The one million club
Nearly 600,000 SMSFs run by more than 1.1 million trustees control more than $650 billion in total assets, as at 31 December 2016. A more impressive statistic is that as at 31 December 2016, SMSF trustees control around a third of all superannuation money (32.4%) held by Australians in both APRA-regulated super funds and self-managed super funds. In 2004, SMSFs controlled only 20% of all superannuation money.
A fascinating aspect of this growth in SMSFs is that the investment behavior of the 1.1 million-plus SMSF trustees is capable of influencing investment markets. According to one investment expert, the desire by SMSF trustees for shares paying franked dividends is driving up the prices of high yield shares, such as bank stocks (despite the recent volatility), while another expert claims the SMSF love affair with companies that pay franked dividends is putting the long-term income of SMSF members at risk as companies review dividend policies, and in turn, SMSF trustees are inadvertently creating higher-risk investment portfolios. Other experts are urging SMSF trustees to invest in overseas investments, while some politicians are eyeing SMSFs as a source of funding for major infrastructure projects.

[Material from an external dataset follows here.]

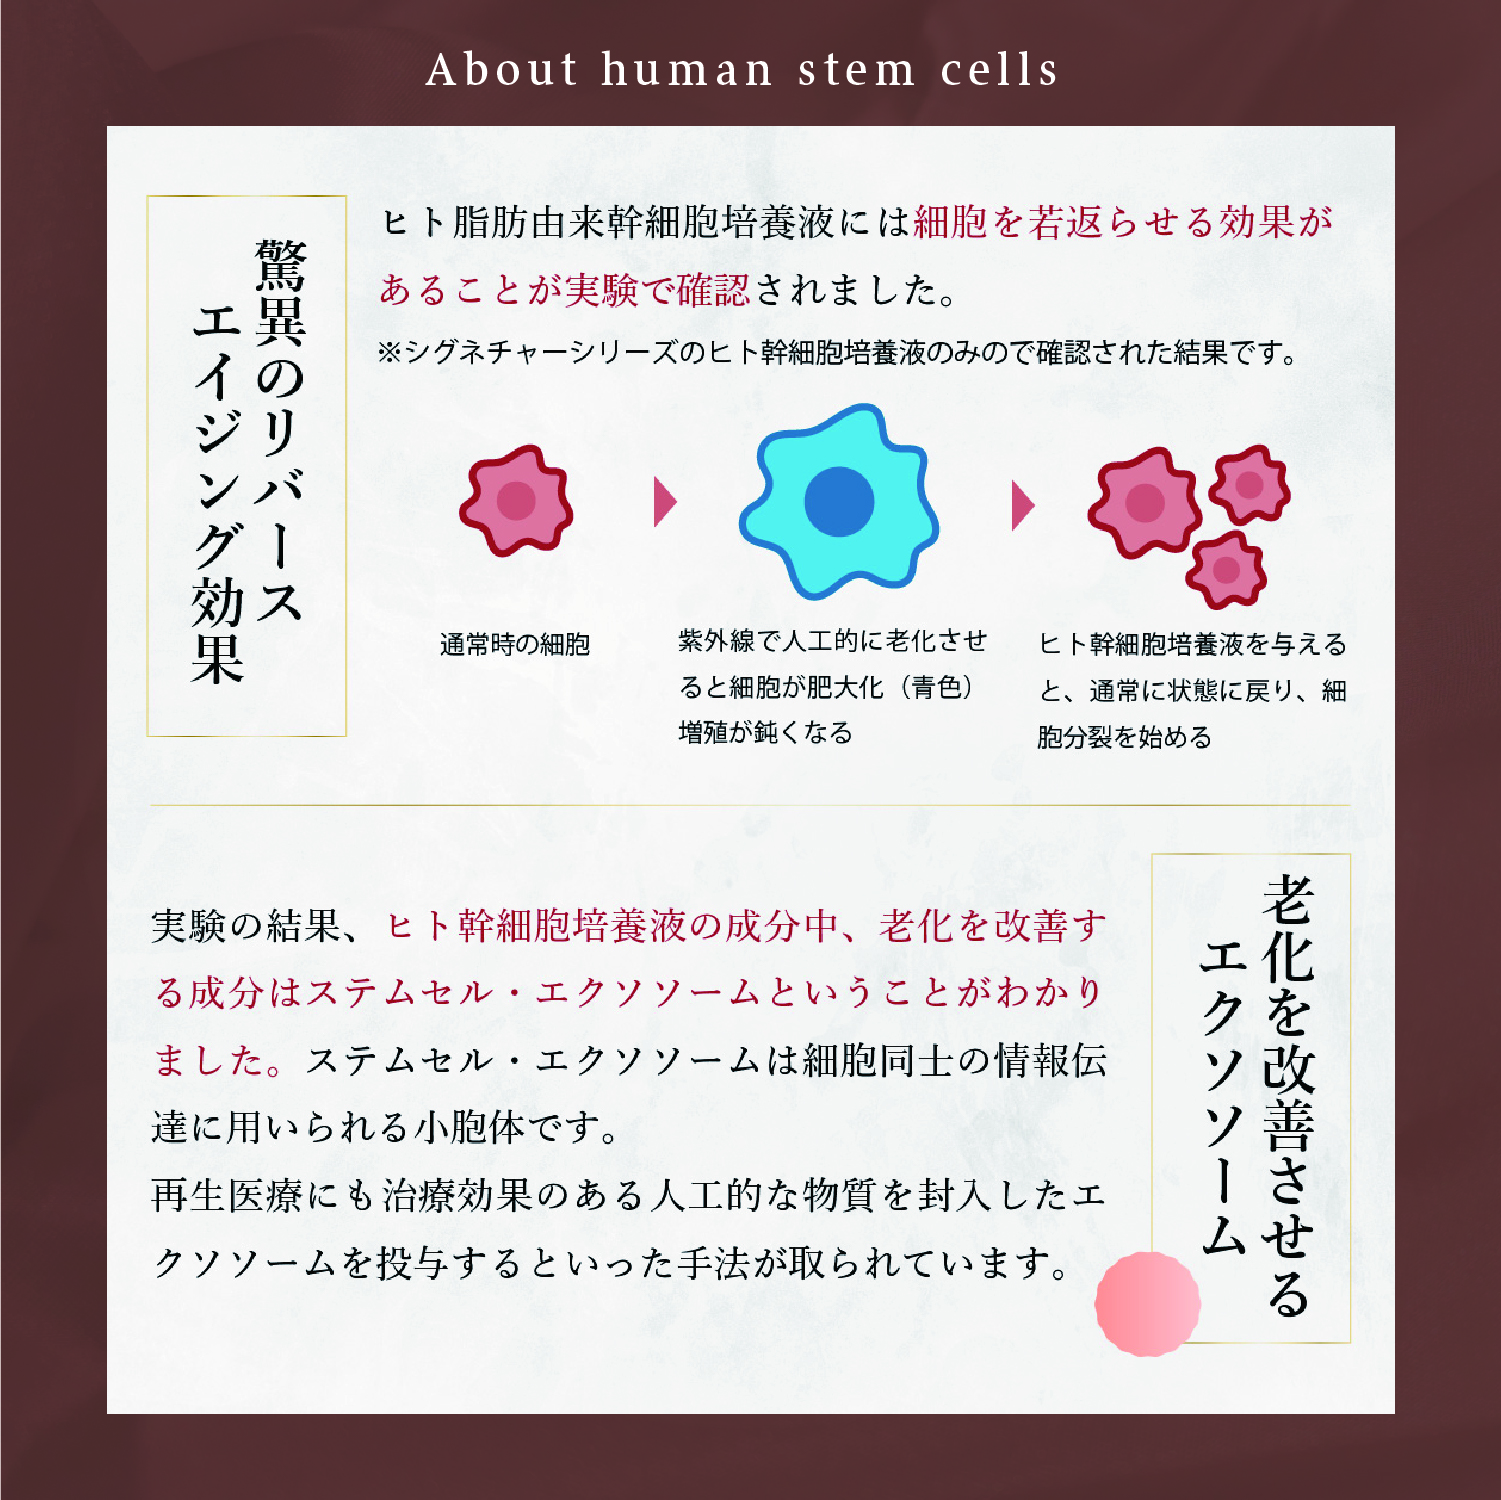 ヒト幹細胞の説明

Another recent example of the clout of SMSF trustees is the interest in SMSF property investment by the professionals in the property market. Due to relaxed borrowing rules (introduced in 2007) and to the ever-growing SMSF fund balances, now averaging more than $1.1 million; estate agents, property developers and banks believe there is money to be made by promoting property, using gearing, to SMSF trustees.

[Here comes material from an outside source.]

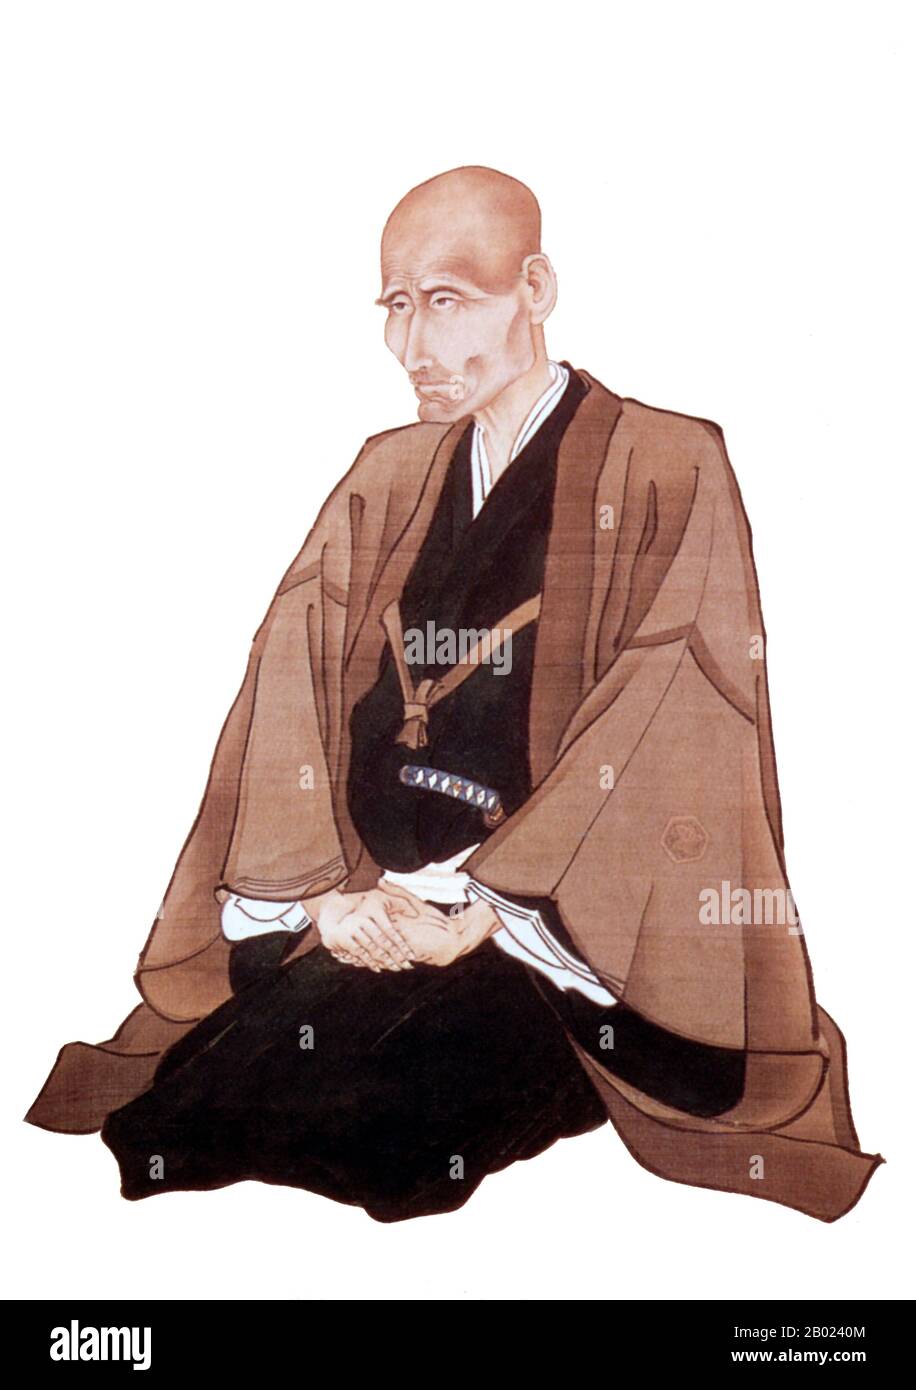 Takano Chōei (高野 長英) è nato come Gotō Kyōsai, il terzo figlio di Gotō Sōsuke, che è stato un samurai di medio rango nel dominio Mizusawa della provincia di Mutsu, che è nella prefettura di Iwate attuale. All'età iniziale, tuttavia, fu adottato dallo zio Takano Gensai che aveva studiato medicina sotto Sugita Genpaku e influenzato Chōei a seguire nella stessa professione. Studiò prima medicina a Tokyo Edo nel 1820 dopo aver vinto soldi in una lotteria in modo da pagare a modo suo. Lì studiò sotto il primo Sugita Hakugen, poi Yoshida Chōshuku che gli diede il nome Chōei. Dopo la morte del suo maestro nel 1824 Foto Stock

Although the average SMSF balance is more than $1.1 million, the average SMSF account balance is now roughly $594,000 (based on December 2016 figures of $653.8 billion in SMSF assets and dividing this amount by an estimated 1.1 million SMSF members). The higher-than-industry-average account balances reflect the much older profile of SMSF members, and the need to have substantial assets to justify the cost of running a SMSF.

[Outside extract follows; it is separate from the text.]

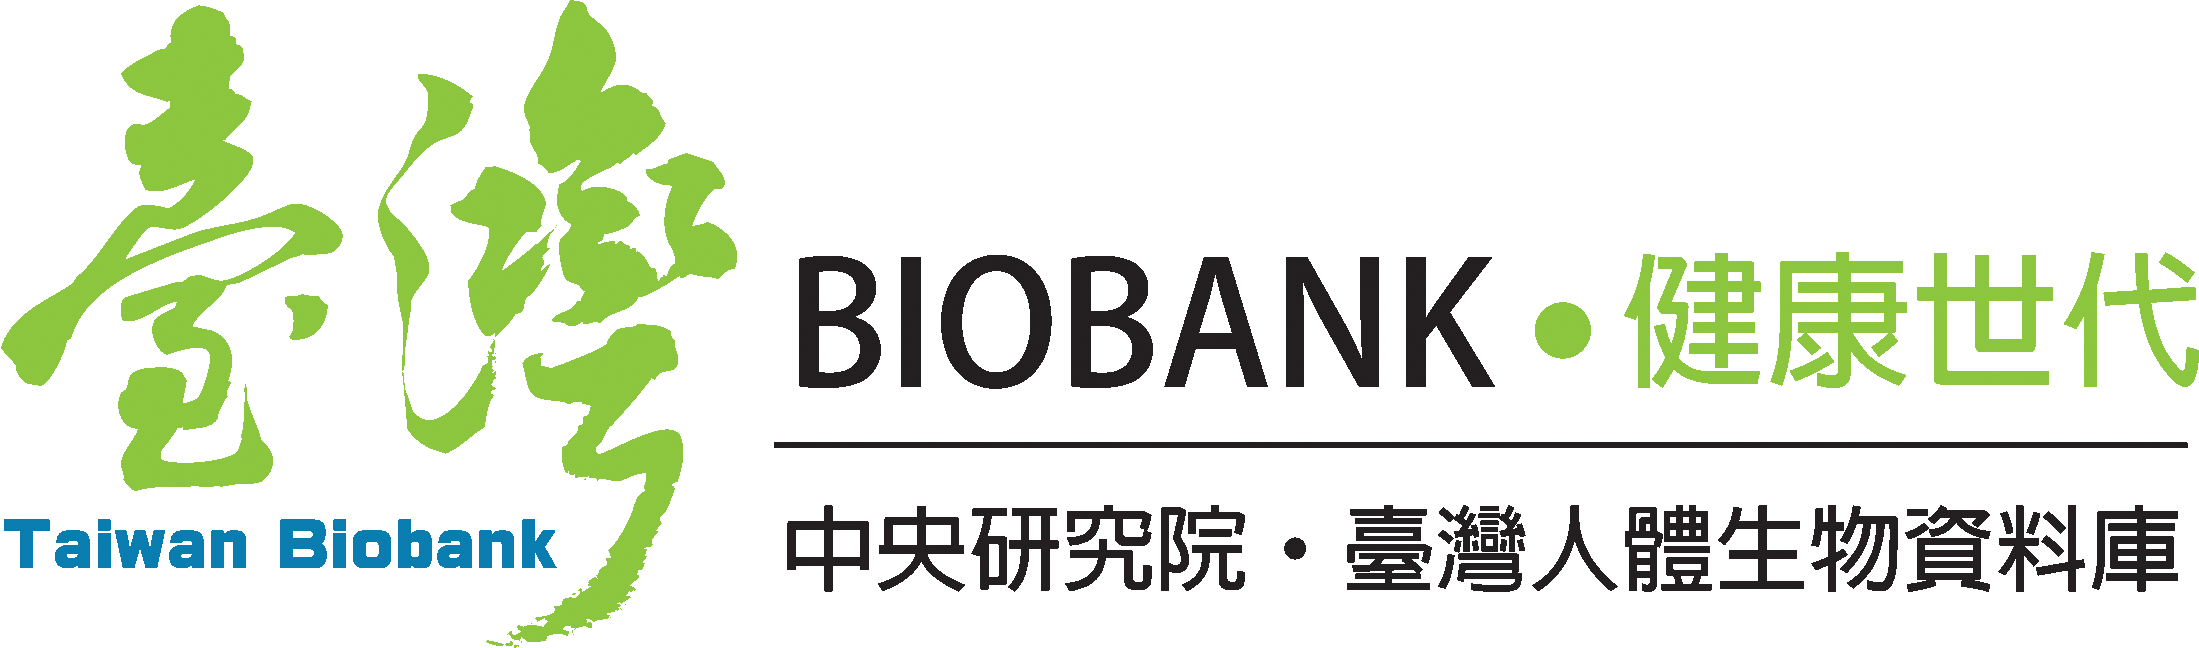 Taiwan_Biobank.gif

What should you invest your SMSF in?
Having access to a broader range of investments is often cited as a reason for starting an SMSF. Through a self-managed super fund, you can invest in the usual investments such as shares, term deposits, managed funds and property. You can also hold alternative assets such as antiques and artwork in a self-managed super fund.
The ability to choose your own shares may have been a driver for setting up an SMSF, but unless you have a lot of money to invest, you are unlikely to be as diversified as a fund manager, who has the advantage of using pooled funds to buy a broad range of shares.
Some people use their SMSF to invest in property. For information on the rules around property investment within super and the costs involved go to ASIC’s SMSFs and property web page.
Many SMSFs hold collectibles such as artwork, jewellery, antiques, coins, stamps, vintage cars and wine. There are very strict rules on holding these assets in your self-managed super fund.
You can understand your SMSF can be invested in a variety of assets including property and shares. But are you wondering if you are allowed to invest in about smaller personal assets like artwork, wine, war medals, collectibles and boats?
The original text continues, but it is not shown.